→ **Your objective**
Every line of the data must be set down exactly as shown.

======

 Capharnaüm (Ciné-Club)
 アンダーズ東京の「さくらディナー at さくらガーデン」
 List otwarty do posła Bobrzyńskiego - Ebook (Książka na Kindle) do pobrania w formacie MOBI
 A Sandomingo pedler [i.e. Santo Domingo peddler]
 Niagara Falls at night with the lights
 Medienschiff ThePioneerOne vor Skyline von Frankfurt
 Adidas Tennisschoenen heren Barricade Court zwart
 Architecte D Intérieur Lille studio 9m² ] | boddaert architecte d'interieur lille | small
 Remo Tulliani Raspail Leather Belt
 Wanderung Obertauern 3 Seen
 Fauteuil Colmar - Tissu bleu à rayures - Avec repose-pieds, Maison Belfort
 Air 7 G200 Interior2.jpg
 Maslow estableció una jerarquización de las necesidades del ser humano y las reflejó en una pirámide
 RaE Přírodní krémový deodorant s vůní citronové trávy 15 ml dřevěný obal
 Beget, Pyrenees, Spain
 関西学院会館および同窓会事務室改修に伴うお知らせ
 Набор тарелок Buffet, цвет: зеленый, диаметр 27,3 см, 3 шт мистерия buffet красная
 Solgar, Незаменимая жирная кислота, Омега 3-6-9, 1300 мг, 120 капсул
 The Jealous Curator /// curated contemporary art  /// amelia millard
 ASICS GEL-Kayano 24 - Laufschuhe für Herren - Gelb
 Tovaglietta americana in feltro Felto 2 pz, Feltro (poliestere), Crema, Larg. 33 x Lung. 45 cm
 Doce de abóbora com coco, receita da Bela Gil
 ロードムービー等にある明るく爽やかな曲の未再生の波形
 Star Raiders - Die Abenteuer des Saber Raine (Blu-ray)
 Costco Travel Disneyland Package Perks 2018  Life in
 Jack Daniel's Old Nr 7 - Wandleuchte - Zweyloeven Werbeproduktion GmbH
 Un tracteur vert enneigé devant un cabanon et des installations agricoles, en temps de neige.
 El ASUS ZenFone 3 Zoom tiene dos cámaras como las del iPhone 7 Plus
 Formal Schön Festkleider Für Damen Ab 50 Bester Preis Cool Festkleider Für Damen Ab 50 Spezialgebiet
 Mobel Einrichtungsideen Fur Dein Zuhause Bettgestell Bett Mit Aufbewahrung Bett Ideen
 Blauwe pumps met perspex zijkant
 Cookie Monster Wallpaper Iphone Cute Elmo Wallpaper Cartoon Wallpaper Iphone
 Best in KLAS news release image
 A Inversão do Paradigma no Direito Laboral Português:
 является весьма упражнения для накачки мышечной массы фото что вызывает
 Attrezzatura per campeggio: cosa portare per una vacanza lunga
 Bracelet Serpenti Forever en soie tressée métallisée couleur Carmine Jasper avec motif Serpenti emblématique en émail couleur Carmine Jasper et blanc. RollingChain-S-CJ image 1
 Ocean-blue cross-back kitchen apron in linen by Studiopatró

======

→ **Task response**
 Capharnaüm (Ciné-Club)
 アンダーズ東京の「さくらディナー at さくらガーデン」
 List otwarty do posła Bobrzyńskiego - Ebook (Książka na Kindle) do pobrania w formacie MOBI
 A Sandomingo pedler [i.e. Santo Domingo peddler]
 Niagara Falls at night with the lights
 Medienschiff ThePioneerOne vor Skyline von Frankfurt
 Adidas Tennisschoenen heren Barricade Court zwart
 Architecte D Intérieur Lille studio 9m² ] | boddaert architecte d'interieur lille | small
 Remo Tulliani Raspail Leather Belt
 Wanderung Obertauern 3 Seen
 Fauteuil Colmar - Tissu bleu à rayures - Avec repose-pieds, Maison Belfort
 Air 7 G200 Interior2.jpg
 Maslow estableció una jerarquización de las necesidades del ser humano y las reflejó en una pirámide
 RaE Přírodní krémový deodorant s vůní citronové trávy 15 ml dřevěný obal
 Beget, Pyrenees, Spain
 関西学院会館および同窓会事務室改修に伴うお知らせ
 Набор тарелок Buffet, цвет: зеленый, диаметр 27,3 см, 3 шт мистерия buffet красная
 Solgar, Незаменимая жирная кислота, Омега 3-6-9, 1300 мг, 120 капсул
 The Jealous Curator /// curated contemporary art  /// amelia millard
 ASICS GEL-Kayano 24 - Laufschuhe für Herren - Gelb
 Tovaglietta americana in feltro Felto 2 pz, Feltro (poliestere), Crema, Larg. 33 x Lung. 45 cm
 Doce de abóbora com coco, receita da Bela Gil
 ロードムービー等にある明るく爽やかな曲の未再生の波形
 Star Raiders - Die Abenteuer des Saber Raine (Blu-ray)
 Costco Travel Disneyland Package Perks 2018  Life in
 Jack Daniel's Old Nr 7 - Wandleuchte - Zweyloeven Werbeproduktion GmbH
 Un tracteur vert enneigé devant un cabanon et des installations agricoles, en temps de neige.
 El ASUS ZenFone 3 Zoom tiene dos cámaras como las del iPhone 7 Plus
 Formal Schön Festkleider Für Damen Ab 50 Bester Preis Cool Festkleider Für Damen Ab 50 Spezialgebiet
 Mobel Einrichtungsideen Fur Dein Zuhause Bettgestell Bett Mit Aufbewahrung Bett Ideen
 Blauwe pumps met perspex zijkant
 Cookie Monster Wallpaper Iphone Cute Elmo Wallpaper Cartoon Wallpaper Iphone
 Best in KLAS news release image
 A Inversão do Paradigma no Direito Laboral Português:
 является весьма упражнения для накачки мышечной массы фото что вызывает
 Attrezzatura per campeggio: cosa portare per una vacanza lunga
 Bracelet Serpenti Forever en soie tressée métallisée couleur Carmine Jasper avec motif Serpenti emblématique en émail couleur Carmine Jasper et blanc. RollingChain-S-CJ image 1
 Ocean-blue cross-back kitchen apron in linen by Studiopatró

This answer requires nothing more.